U.S. 10-Year Auction Finds Strong Demand, Yields Follow Global Trend To Close Lower

by: Batur Asmazoglu


US Long End Treasury Demand has been strong.

European bonds have been strong with ECB starting corporate bond purchases.

FED outlook in futures is shifting down.

Global Bond Markets

Treasuries had a modest long-end-led bid Wednesday morning into the 10-year auction and held near the day's best levels in the afternoon after positive auction results. At the close, that left yields across the curve close to Friday's post-payrolls closes after the gradual resumed gains since Fed Chair Yellen's Monday speech following the only small, temporary reversal Monday morning.

The 10-year went into the auction 1 bp stronger on the day at the lowest yield since May 13, but the $20 billion reopening still was awarded slightly through the market at 1.702% on an above-average 2.81 bid/cover and again very high investor demand. Indirect bidders took down a record 73.6% of the issue and direct bidders 7.2%, leaving primary dealers with only 19.2%. That was similar to the record high investor demand at the 2-year, 5-year, and 7-year auctions two weeks - and 16 bp - ago after the solid but more average investor demand at the 3-year auction Tuesday.

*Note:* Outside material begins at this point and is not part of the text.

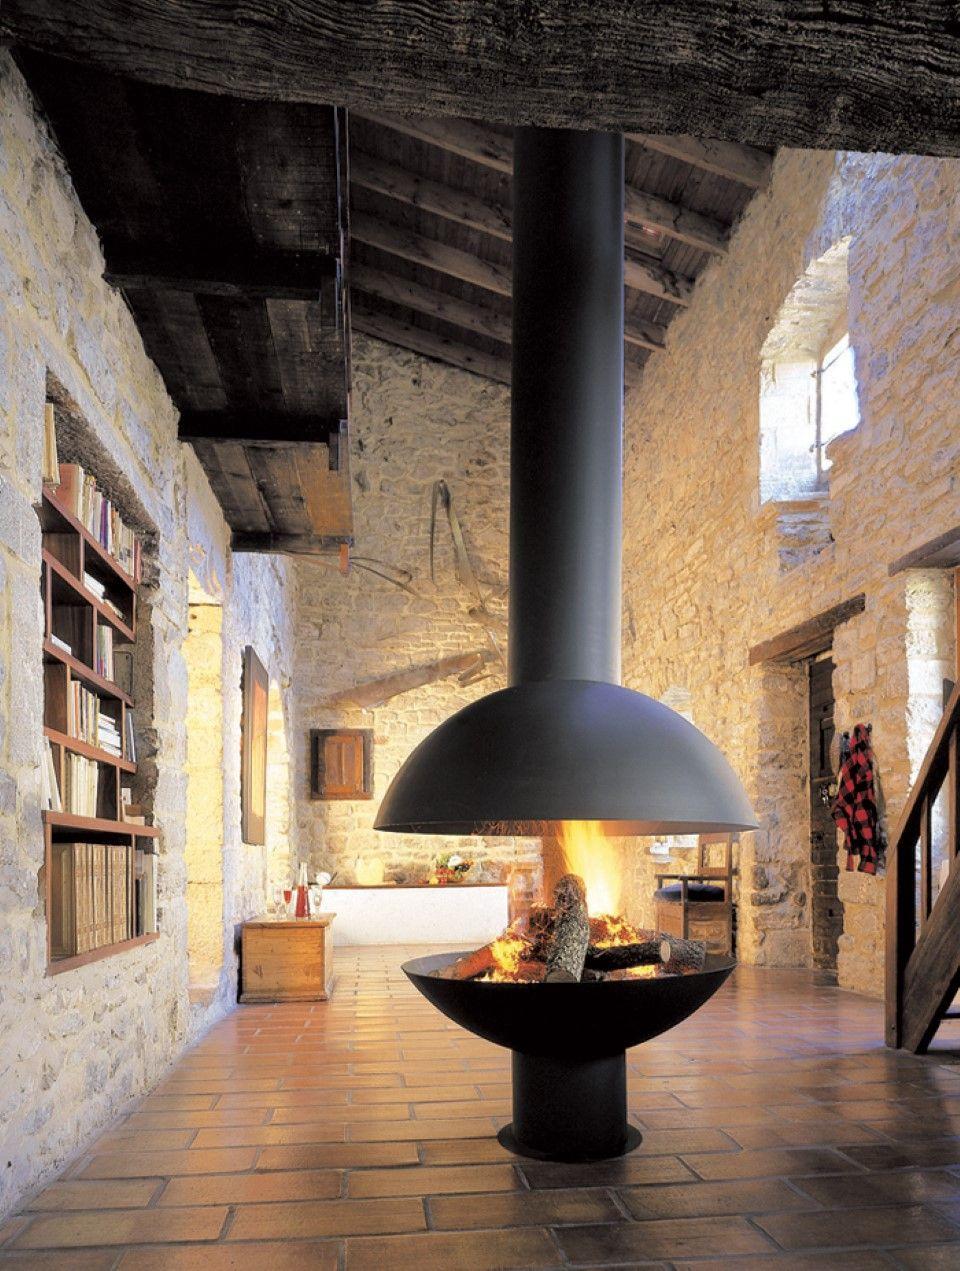 Ziegelhaus design außen futuristic fireplaces  decoration  futuristic hanging fireplace

More bidder details released by the Treasury Department with a lag showed that higher foreign demand, along with continued high domestic money manager demand, accounted for the elevated investor shares at that run of strong auctions two weeks ago. Of the $88 billion in 2-year, 5-year, and 7-year supply in May and April, foreign investors were awarded $23 billion in May v. $16 billion in April, investment funds $43 billion v. $45 billion, and primary dealers $18 billion v. $27 billion.

The elevated demand in the U.S. longer end seen at the auction was helped by a continuation of the sudden strength in Europe's long end as the ECB began buying corporate bonds. The German 30-year yield fell another 2 bp for an 8 bp two-day rally to 0.68%. Italy and Spain's 30-year yields fell 4 to 5 bp to 2.46% and 2.60%, catching up with larger German gains on Tuesday. The U.K. also joined in with a 3 bp rally in the 30-year Gilt to 2.09%. There seems to have been a renewed focus the past couple days on whether the ECB would run out of eligible bonds to buy at some point. Meanwhile in domestic economic news, gross job flows in the JOLTS underlying the deceleration in net payrolls growth April that worsened in May included a large slowing in the hiring rate being partly offset by a lower quit rate and a record low firing rate. The hiring rate slowed in March and April by 0.3pp to 3.5%, as fast a two-month deceleration as was seen in any two months in the recession. The Census Bureau's quarterly services survey, though, pointed to slightly better Q1 growth.

At 3:00, Treasuries were narrowly mixed, unchanged in the front end, marginally weaker in the belly, slightly stronger in the long end. The 2-year and 3-year yields were steady at 0.78% and 0.94%, 5-year and 7-year yields rose 0.5 bp to 1.23% and 1.51%, 10-year yield fell 1 bp to 1.71%, and 30-year yield fell 2 bp to 2.51%. The 5-year yield fell 2 bp to -0.33%, 10-year 2 bp to -0.09%, and 30-year 3 bp to 0.78%, leaving yields 1 to 2 bp higher. The 5-year outperformed as oil and gasoline prices ultimately gained 2% to 3% on the day after a stronger start, pullback after higher than expected weekly inventory numbers, but then renewed afternoon gains.

The Fed outlook in futures continued shifting down. October fed funds gained 0.5 bp to 0.48%, moving a bit more below 50/50 on a rate hike by September. Of the 44% chance through September, there's now 0% in June, 20% in July and 24% in September. Jan 17 gained 0.5 bp to 0.565%, pricing less than 80% chance of onehike this year. Apr 17 after gaining 1 bp to 0.62% remained the first contract with one full 25 bp hike in it. Two full hikes aren't priced until the Aug 18 contract, which is at 0.88% after gaining 0.5 bp.